Created 06-01-2017 09:28 AM
In order to avoid full table scan on Hbase table i thought to run mapreduce on Hbase table snapshot .
I have created snapshot of my table using below command
snapshot 'FundamentalAnalytic','FundamentalAnalyticSnapshot'
After that to run mapreduce i have to transfer it to my local HDFS .So i ran export command like following and copy it to tmp dir .
hbase org.apache.hadoop.hbase.snapshot.ExportSnapshot -snapshot FundamentalAnalyticSnapshot -copy-to /tmp/ -mappers 16
It got copied successfully not i ran mapreduce job that has driver code like this.
String snapshotName="FundamentalAnalyticSnapshot";
TableMapReduceUtil.initTableSnapshotMapperJob(snapshotName, scan, DefaultMapper.class, NullWritable.class, Text.class, job,true, new Path("/tmp");
But it throw error
org.apache.hadoop.hbase.snapshot.CorruptedSnapshotException: Couldn't read snapshot info from:file:/tmp/hbase-cloudera/hbase/.hbase-snapshot/FundamentalAnalyticSnapshot/.snapshotinfo at org.apache.hadoop.hbase.snapshot.SnapshotDescriptionUtils.readSnapshotInfo(SnapshotDescriptionUtils.java:294) at org.apache.hadoop.hbase.snapshot.RestoreSnapshotHelper.copySnapshotForScanner(RestoreSnapshotHelper.java:818) at org.apache.hadoop.hbase.mapreduce.TableSnapshotInputFormatImpl.setInput(TableSnapshotInputFormatImpl.java:355) at org.apache.hadoop.hbase.mapreduce.TableSnapshotInputFormat.setInput(TableSnapshotInputFormat.java:204) at org.apache.hadoop.hbase.mapreduce.TableMapReduceUtil.initTableSnapshotMapperJob(TableMapReduceUtil.java:335) at com.thomsonretuers.hbase.HBaseToFileDriver.run(HBaseToFileDriver.java:128) at org.apache.hadoop.util.ToolRunner.run(ToolRunner.java:70) at com.thomsonretuers.hbase.HBaseToFileDriver.main(HBaseToFileDriver.java:75) Caused by: java.io.FileNotFoundException: File file:/tmp/hbase-cloudera/hbase/.hbase-snapshot/FundamentalAnalyticSnapshot/.snapshotinfo does not exist
I know i am doing some mistake in not exporting snapshot to correct dir .
Please help me .
Thanks,
Sudarshan
Created 06-01-2017 02:26 PM
MapReduce over HBase Snapshots expects the snapshot to exist in the HBase installation, not the exported version of it.

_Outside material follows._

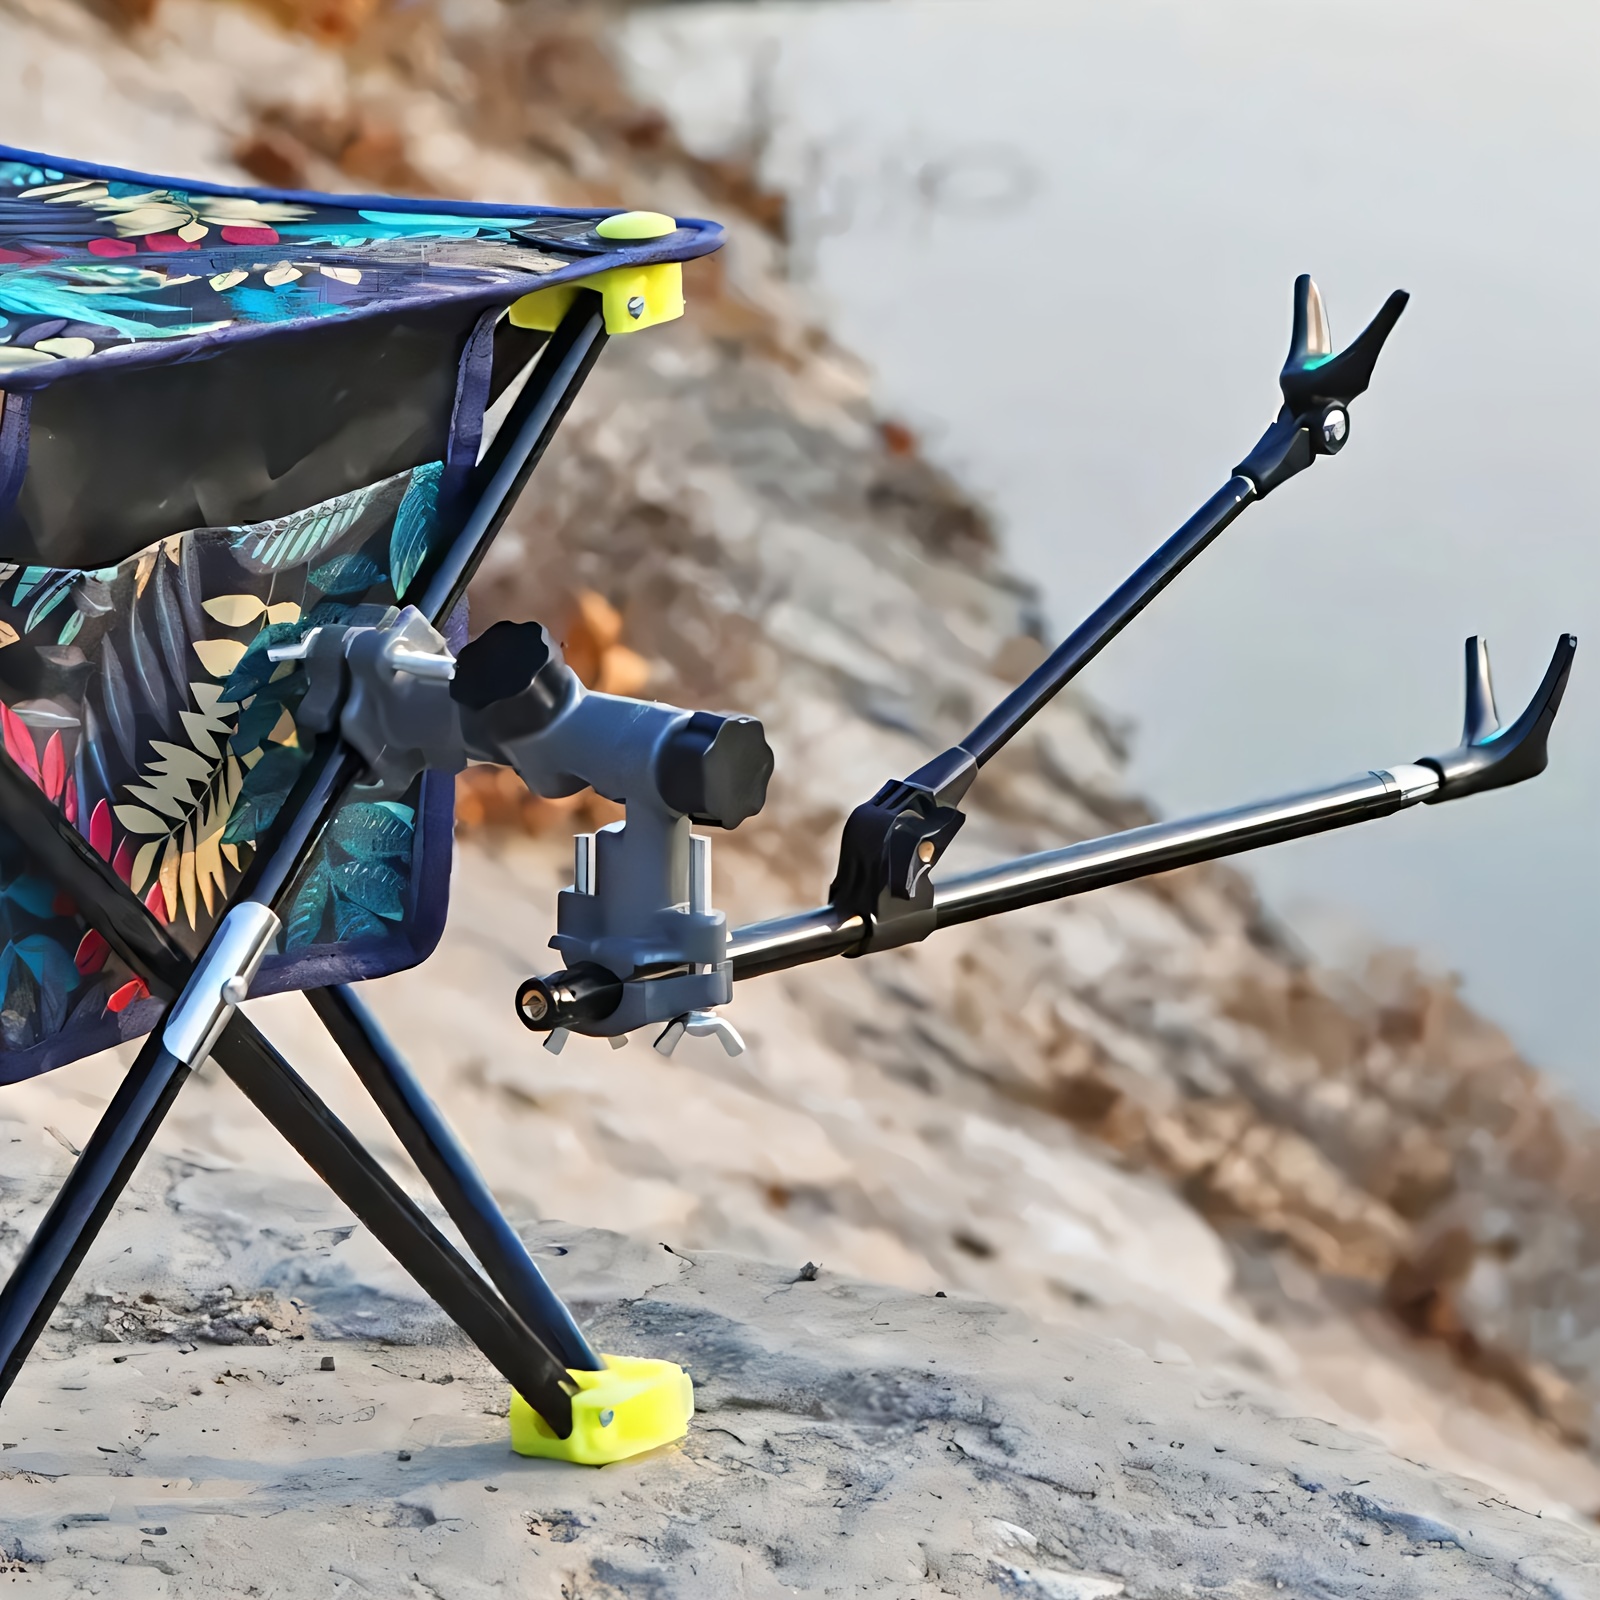 

360° Adjustable Fishing Chair Rod Holder - Universal Clamp-on Fish Rod Rack With Multi-purpose Gear Attachments, Durable Abs Construction - Ideal For Securing Umbrella, Net, Bait Tray, And More

You are also providing a path with file:// where you probably want hdfs://.
Created 06-01-2017 03:54 PM
I did not get your point snapshot to exist in the HBase installation.Do i have to move snapshot somewhere ?
When i take snapshot will this not automatically available in the Hbase directory .
Also i changes the restorePath as hdfs://quickstart.cloudera:8020/hbase.
java.lang.IllegalArgumentException: java.net.URISyntaxException: Relative path in absolute URI: hdfs://quickstart.cloudera:8020bd03e5d6-bb0a-46ac-b900-65ae0fe0a439
Created 06-03-2017 07:04 PM
Solved it after using correct path
Create snapshot
snapshot 'FundamentalAnalytic','FundamentalAnalyticSnapshot'
Export Snapshot to local hdfs
hbase org.apache.hadoop.hbase.snapshot.ExportSnapshot -snapshot FundamentalAnalyticSnapshot -copy-to /tmp -mappers 16
Driver Job Configuration to rum mapreduce on Hbase snapshot
String snapshotName="FundamentalAnalyticSnapshot"; Path restoreDir = new Path("hdfs://quickstart.cloudera:8020/tmp"); String hbaseRootDir = "hdfs://quickstart.cloudera:8020/hbase"; TableMapReduceUtil.initTableSnapshotMapperJob(snapshotName, // snapshot name scan, // Scan instance to control CF and attribute selection DefaultMapper.class, // mapper class NullWritable.class, // mapper output key Text.class, // mapper output value job, true, restoreDir);
Also running mapreduce on Hbase snapshot will skip scan on Hbase table and also there will be no impact on region server.